Now, there’s a whole space of things-like-HCH, and some of them look less like a simulated infinite bureaucracy and more like a simulated society. (The OP mostly wasn’t talking about things on the simulated-society end of the spectrum, because there will be another post on that.) And I think a bunch of John Wentworths in something like a simulated society would be fine—they’d form lots of small teams working in-person, have forums like LW for reasonably-high-bandwidth interteam communication, and have bounties on problems and secondary markets on people trying to get the bounties and independent contractors and all that jazz.
Anyway, back to your question. If those John Wentworths lacked the ability to run experiments, they would be relatively pessimistic about their own chances, and a huge portion of their work would be devoted to figuring out how to pump bits of information and stay grounded without a real-world experimental feedback channel. That’s not a deal-breaker; background knowledge of our world already provides far more bits of evidence than any experiment ever run, and we could still run experiments on the simulated-Johns.

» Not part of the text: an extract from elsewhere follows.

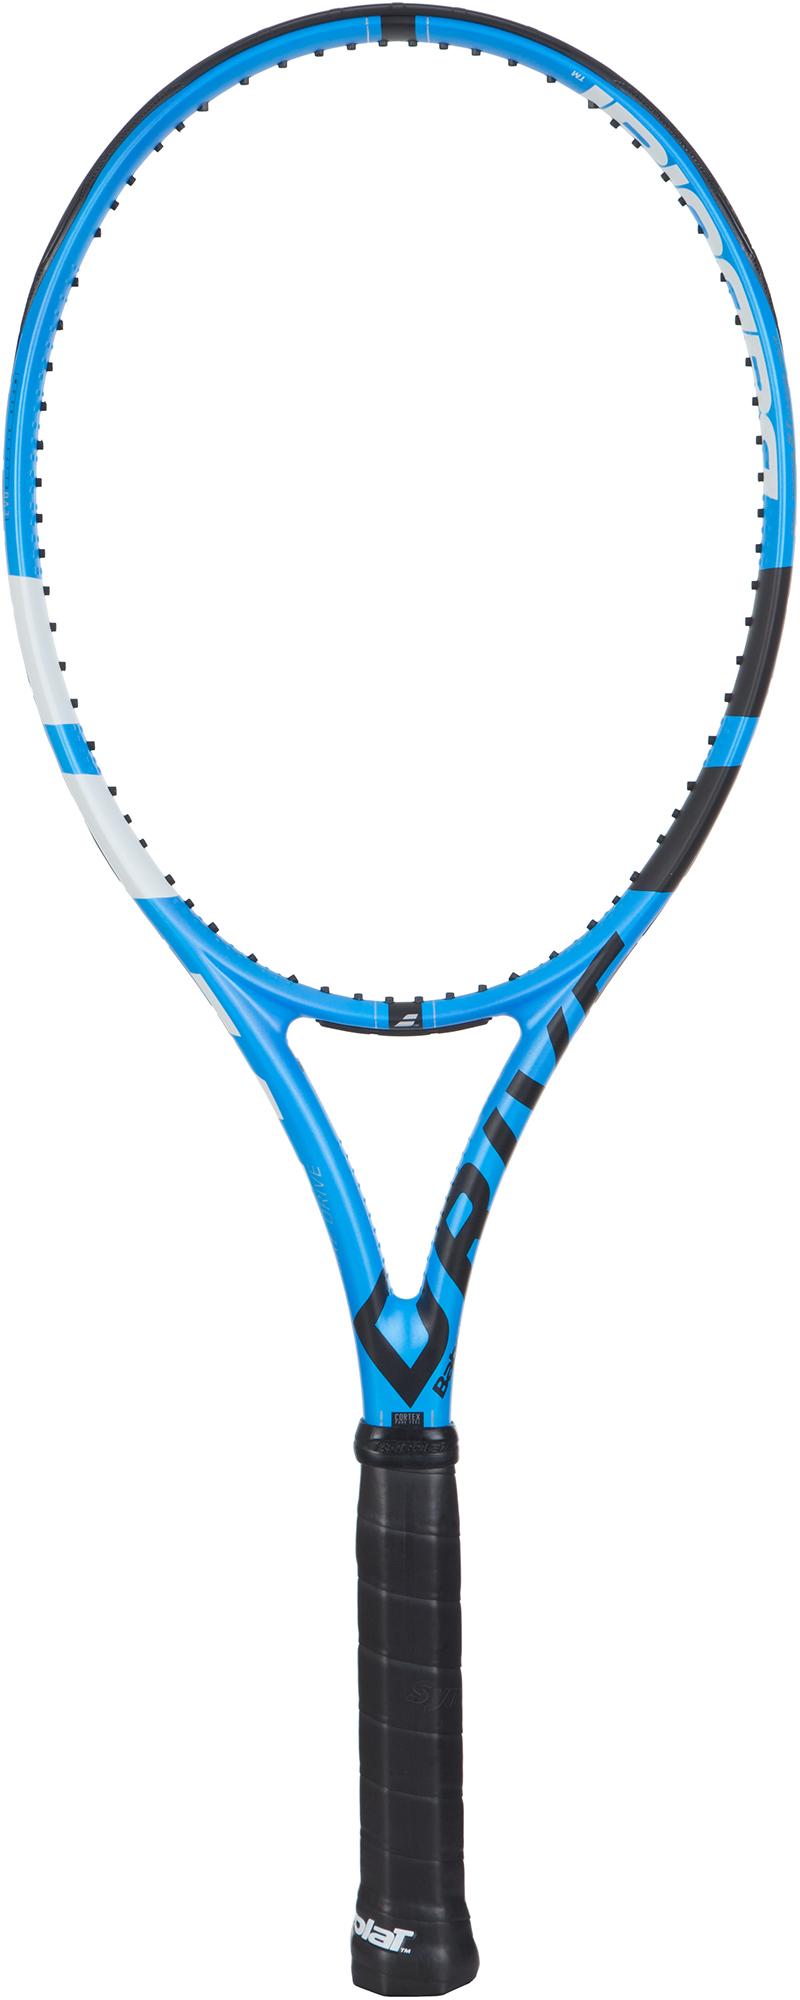 Babolat Ракетка для большого тенниса Babolat Pure Drive цена

But I sure would be a lot more optimistic with an experimental channel.
I do not think memetic selection in particular would cripple those Johns, because that’s exactly the sort of thing they’d be on the lookout for. But I’m not confident of that. And I’d be a lot more pessimistic about the vast majority of other people. (I do expect that most people think a bureaucracy/society of themselves would work better than the bureaucracies/societies we have, and I expect that at least a majority and probably a large majority are wrong about that, because bureaucracies are generally made of median-ish people. So I am very suspicious of my inner simulator saying “well, if it was a bunch of copies of John Wentworth, they would know to avoid the failure modes which mess up real-world bureaucracies/societies”. Most people probably think that, and most people are probably wrong about it.)
I do think our current civilization is crippled by memetic selection to pretty significant extent. (I mean, that’s not the only way to frame it or the only piece, but it’s a correct frame for a large piece.)
Economists do talk about that sort of thing, but I don’t usually see it in their math. Of course we can get e.g. implied prices for any pareto-optimal system, but I don’t know of math saying that systems will end up using those implied prices internally.
Interesting, thanks. This makes sense to me.
I do think strong-HCH can support the ”...more like a simulated society...” stuff in some sense—which is to say that it can be supported so long as we can rely on individual Hs to robustly implement the necessary pointer passing (which, to be fair, we can’t).
To add to your “tree of John Wentworths”, it’s worth noting that H doesn’t need to be an individual human—so we could have our H be e.g. {John Wentworth, Eliezer Yudkowsky, Paul Christiano, Wei Dai}, or whatever team would make you more optimistic about lack of memetic disaster. (we also wouldn’t need to use the same H at every level)
Yeah, at some point we’re basically simulating the alignment community (or possibly several copies thereof interacting with each other). There will probably be another post on that topic soonish.